The service binds 127.0.0.1:8765 by default. Health check:

curl http://127.0.0.1:8765/healthz

Configuration (ENV)

Var Default Notes
POSTGRES_DSN (required) Postgres connection string, e.g. postgresql://user:pw@host:5432/db
CERTSTREAM_URL ws://localhost:8080/full-stream Upstream certstream-server
API_HOST 127.0.0.1 Bind addr
API_PORT 8765 Bind port
WEBHOOK_URL (unset → observer mode, log only) POST destination for alerts (your n8n endpoint)
WEBHOOK_TIMEOUT_S 10 Per-attempt timeout
CLEANUP_INTERVAL_S 3600 How often to prune
ALERT_RETENTION_S 2592000 Keep alerts 30 days
SUSPICIOUS_GRACE_S 10 Wait this long for upstream to land an fp in public.certs before flagging
WATCH_REFRESH_INTERVAL_S 60 How often to re-read public.intent_current
LOG_LEVEL INFO stdlib logging level

API

The service exposes two anonymous endpoints:

Endpoint Purpose
GET /healthz Liveness check; returns {ok, watch_entries, last_ct_event_at}.
GET /metrics Prometheus text-exposition scrape.

Inspect the data directly in Postgres:

-- what we're currently watching
SELECT fqdn FROM public.intent_current;

-- known-good certs (upstream-managed)
SELECT * FROM public.certs;

-- recent alerts (the only table certwatch writes to)
SELECT * FROM public.alerts ORDER BY id DESC LIMIT 50;

Match semantics: an entry example.org matches example.org and any subdomain (foo.example.org, a.b.example.org, …).
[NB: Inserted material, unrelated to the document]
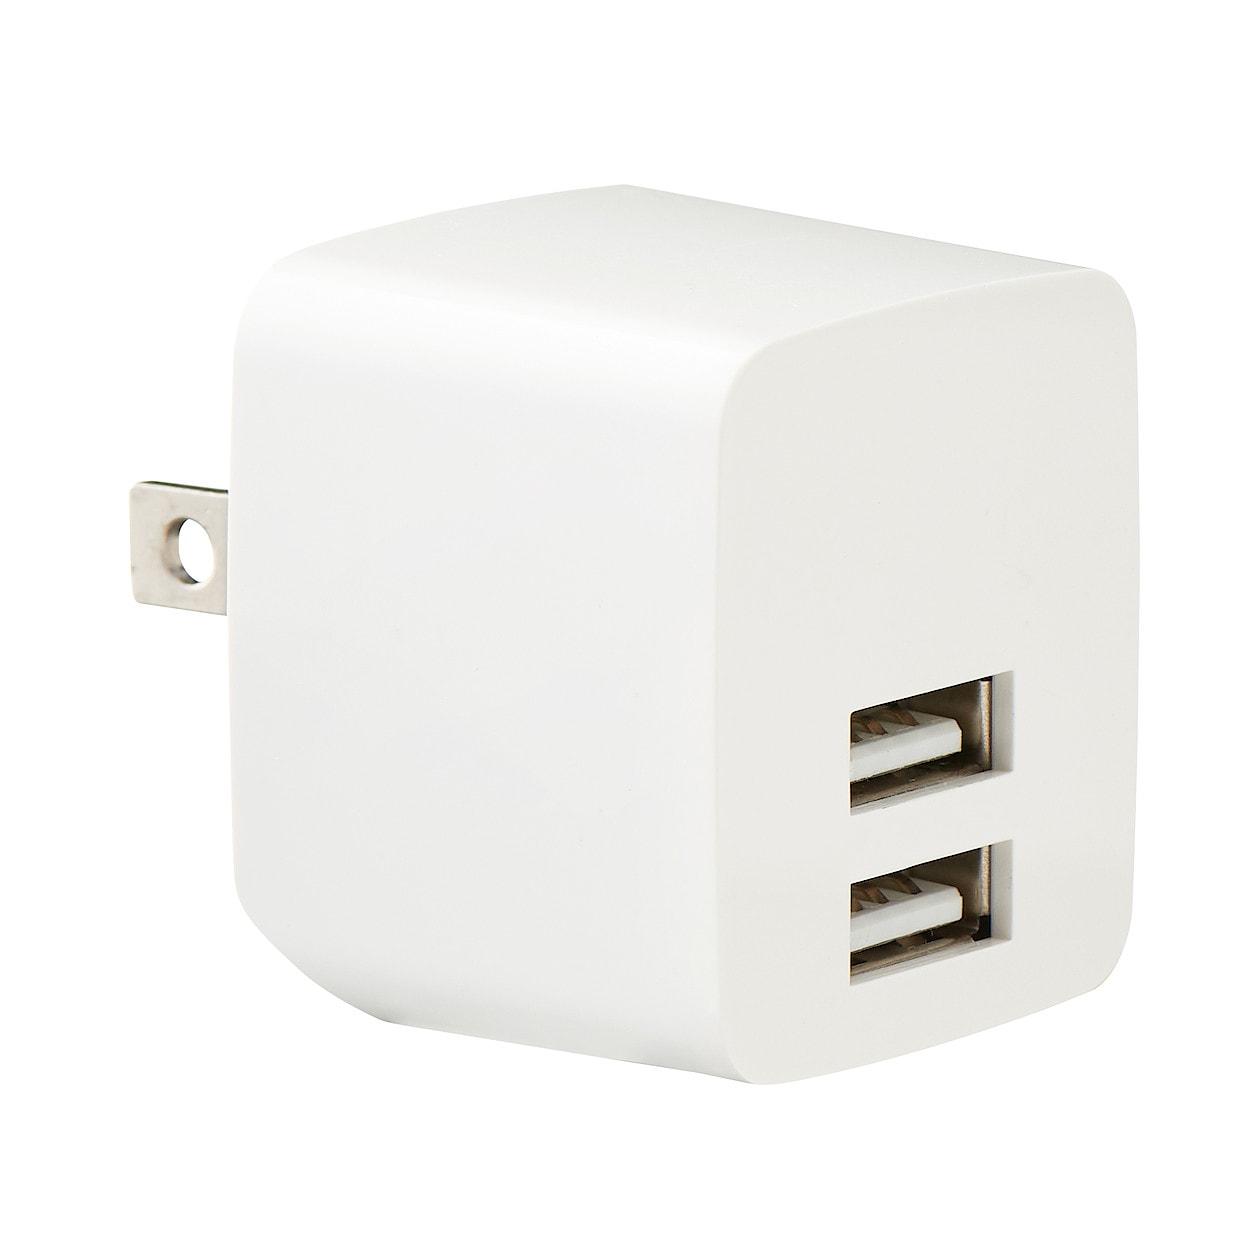 USB用プラグがしまえる急速充電器 MJ-PA1 通販 | 無印良品

A leading *. in the intent_current.fqdn value is stripped on read. SANs with a leading wildcard (*.X) match when their expansions overlap an entry's subtree.

Webhook payload (sent to WEBHOOK_URL)

Every cert whose SANs match the watch list produces a webhook event, classified by severity:

  • info — fingerprint is in the LB inventory. Doubles as a heartbeat: if you stop seeing these in n8n, the CT pipeline is dead or your LBs stopped rotating.
  • suspicious — fingerprint is NOT in inventory. Treat as a potential hijack until proven otherwise.
{
  "fingerprint_sha1": "9414f0d3...",
  "severity":        "suspicious",
  "matched_entries": ["ethereum.org"],
  "matched_sans":    ["foo.ethereum.org"],
  "all_sans":        ["foo.ethereum.org", "bar.example.com"],
  "issuer_o":        "Google Trust Services",
  "issuer_cn":       "WE1",
  "not_before":      1761915088,
  "not_after":       1769694679,
  "lifetime_days":   90.0,
  "source_log":      "Google 'Argon2026h1' log",
  "cert_link":       "https://ct.googleapis.com/...",
  "serial":          "B759154194BBEA621172F2F81C1017CD",
  "update_type":     "PrecertLogEntry",
  "seen_at":         1761918776
}

A single fingerprint is delivered at most once per process lifetime (in-memory LRU dedupe of the last 2048 fps), so the precert + final-cert pair that CT publishes for one issuance produces one webhook event, not two.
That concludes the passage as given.